Takımı Fenerbahçe BEKO'yu da Berlin'deki Final-Foura taşıdı.

Yazımın başlığı ne yalan söyleyeyim köşeme cuk oturdu.

'Şutu olmayan adam' /Calathes / arkadaşlarıyla birlikte Berlin'e şampiyonluk için giderken; orada oynanacak iki maçın da kilit oyuncularından birisi olacak kuşkusuz.

İlk üç çeyrek 1/8 atarak takımına yaşattığı hayal kırıklığını, son çeyrekte ve  her topun el yaktığı kritik dakikalarda iki üçlüğü korkmadan çembere sallayarak telafi etmesi, 'büyük basketbolcu' tarifinin çok ötesinde aykırı bir örneklemedir.

Oyun kurucunun öncelikli görevi takımının saha içi liderliğini yerine getirmekse, ikincisi ve vazgeçilmezi şutuyla bu liderliğini taçlandırmasıdır.

Calathes kariyerinin hiç bir döneminde iyi bir şutör olarak hatırlanmadı.

Ve öyle devam ederek, bugünlere kadar geldi.

Yunanlı point guard çok iyi bir asistçi ve ismi de bu departmanın en tepesinde zaten!

'Çemberlerle arası iyi olmayan adam' sonlarına yaklaştığı kariyerinin belki de son Final-Four'unu Berlin'de oynadıktan sonra emekliliği için hazırlıklara başlayacaktır.

Bilinmez orada oynayacağı iki maçta Monaca serisinin sonunda olduğu gibi herkesi şok edecek üçlükler soksa da, bunların hiçbirisinin 'Sasa Obradovic tarzı' (Monaco coachu) hayal kırıklığı yaşatacağını düşünmüyorum!
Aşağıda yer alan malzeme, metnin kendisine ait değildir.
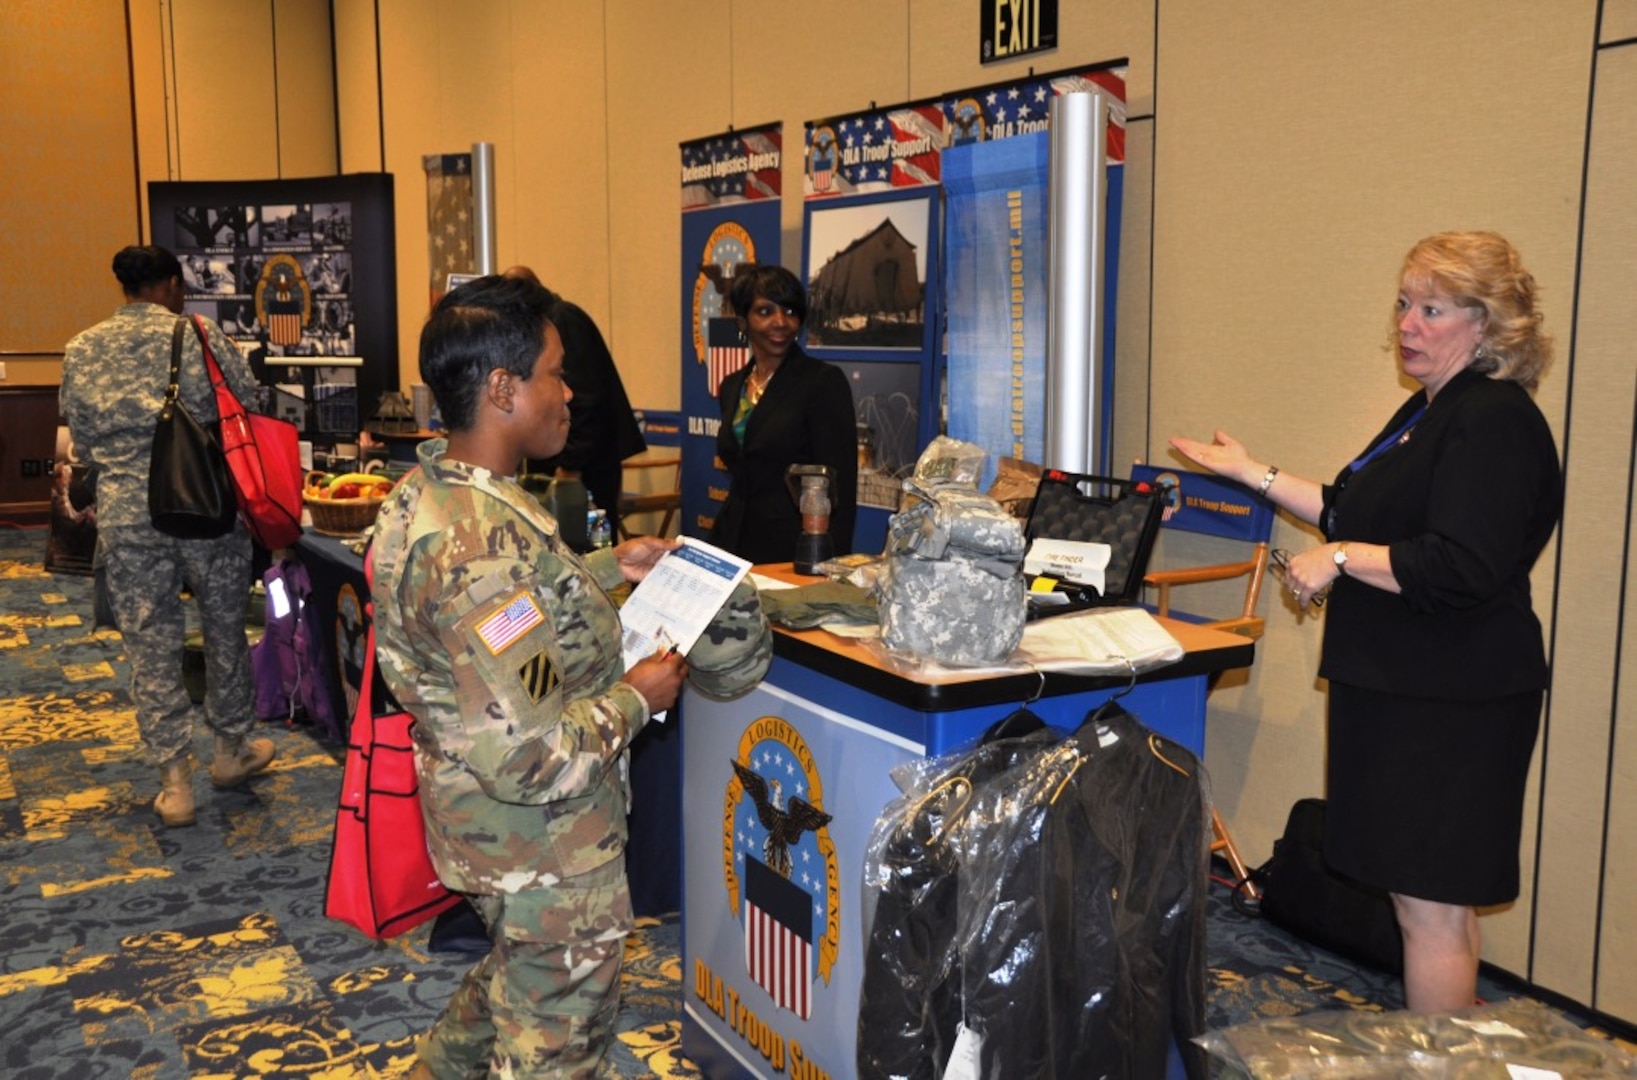 DLA Troop Support representative Sally Pooler (right) answers questions from a soldier at the Warfighter Support Initiative, Fort Bragg, North Carolina, March 23, 2016.

'Şutu olmayan adam' Monaco serisinde kendisi için alınan risklere cezayı keserek sezonun akışını değiştirirken;

Berlin buluşmasında, savunmalara da rakip ve oyuncu kim olursa olsun; dikkati elden bırakmamaları üzerine bir format attıracaktır.

İzleyince göreceğiz.

Buraya kadar 'bir büyüğe güzelleme olsun' diye değil, bir basketbol sever ve basketbol yazarı bağlamında yorum yaptım.

Renklerimiz farklı olsa da, ortadaki başarı camiaya özgü değil, bu ülkeye aittir.

Benim yerim de, yurdum da, yuvam da ezelden beri değişmedi hep aynı;

Hazır 'Euroleague' demişken bu organizasyondan biraz söz etmek istiyorum.

Bir kez daha görüldü ki; kalite, heyecan ve savunma sertliği açısından Euroleague NBA'in bile ötesinde bir yerlerde(!);

Açık ara dünyanın en iyi basketbol organizasyonu...

Onun içindir ki, en çok izlenen, en keyif veren maçlar bu ligde ve cazibesi her sezon biraz daha artarak devam ediyor.